UI Patterns and Techniques

Deep Background


From Mac OS/X

Use when:

Your page layout has strong visual elements (text blocks, groups of controls, windows, etc.) and it isn't very dense or busy. You want the page to look distinctive and attractive; you may have a visual branding strategy in mind. You'd like to use something more interesting than flat white or gray for the page background.

Why:

Backgrounds that have soft focus, color gradients, and other distance cues appear to recede behind the more sharply-defined content in front of it. The content thus seems to "float" in front of the background. A strong figure/ground effect is accomplished by this pseudo-3D look -- it attracts the viewer's eye to the content.

Fancy explanations aside, it just looks good.

How:

Use a background that has one or more of these characteristics:
  • Soft focus. Keep lines fuzzy and make sure that there's not much small detail -- sharp lines will interfere with readability of the content atop it, especially if that content is text. (You can kind of get away with sharp lines if they are low-contrast, but even then, text doesn't work well over them.)

  • Color gradients. Bright, saturated colors are OK, but again, hard lines between them are not. Allow colors to blend into each other. In fact, if you don't have an image to use in the background, you can create a simple color gradient in your favorite drawing tool -- it's still better-looking than a flat color!

    Pure gradients don't need to be stored or downloaded as images, either. On the Web, they can be created by repeating one-pixel-wide strips; in systems where code can be used to generate large areas of color, gradients are generally easy to program.

  • Depth cues. Fuzzy detail and distance-like color gradients are two features that tell our visual systems about distance.

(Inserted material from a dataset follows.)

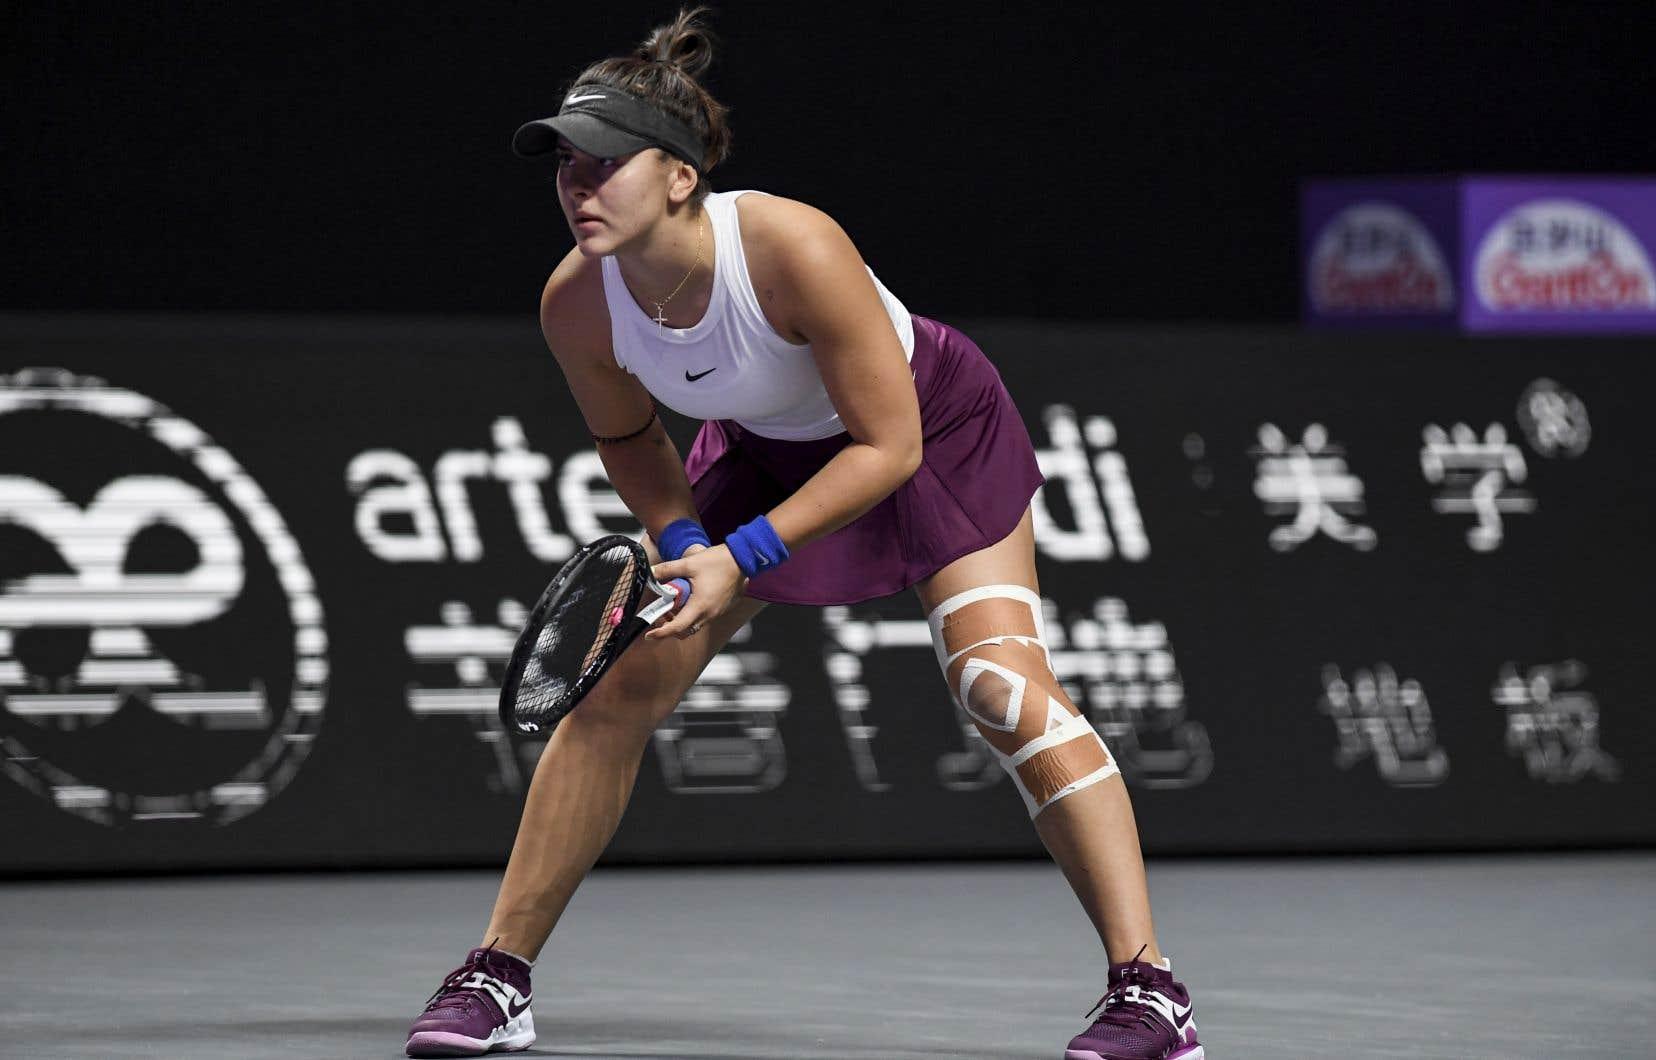 Bianca Andreescu s'est blessée au genou gauche lors de son deuxième match de la phase de groupe des Finales de la WTA, contre la Tchèque Karolina Pliskova, à la fin d'octobre à Shenzhen, en Chine.

Others include texture gradients (features that get smaller as they get farther away) and lines radiating from vanishing points.

  • No strong focal points. The background shouldn't compete with the content for the user's attention. Diffuse focal points can work, but be careful that they contribute to a balanced composition on the whole page, rather than distracting the viewer from seeing the parts of the page they should be looking at instead.
As you design a UI with a Deep Background, consider what happens when the user changes the size of the page. How will the background accommodate a larger (or smaller) size? Will it rescale to fit, or will the window just clip an unscaled image? The latter is probably less unsettling to the user; it's how most Web pages behave, and it feels more stable. (Besides, you don't have to worry about changing aspect ratios, which is problematic with images that look even a little bit representational.)

Drop shadows are often seen in conjunction with Deep Backgrounds. They, too, contribute to a pseudo-3D look.

Examples:


From Netscape 7

This example shows the use of a gradient behind the UI controls of a desktop application. The cylindrical gradient works with other visual features -- barely-visible drop shadows, contouring around the bottom buttons, even the shading in the etched line containing the Search box -- to create a finished "two-and-a-half-D" look.



From http://starbucks.com/ongoodgrounds/, courtesy of Communication Arts Interactive Annual

In both of these examples, a subtle image is used as the background. Notice that the detail in the second one is washed out behind the text; this not only makes the text easier to read, but it also calls attention to it by surrounding it with "white space."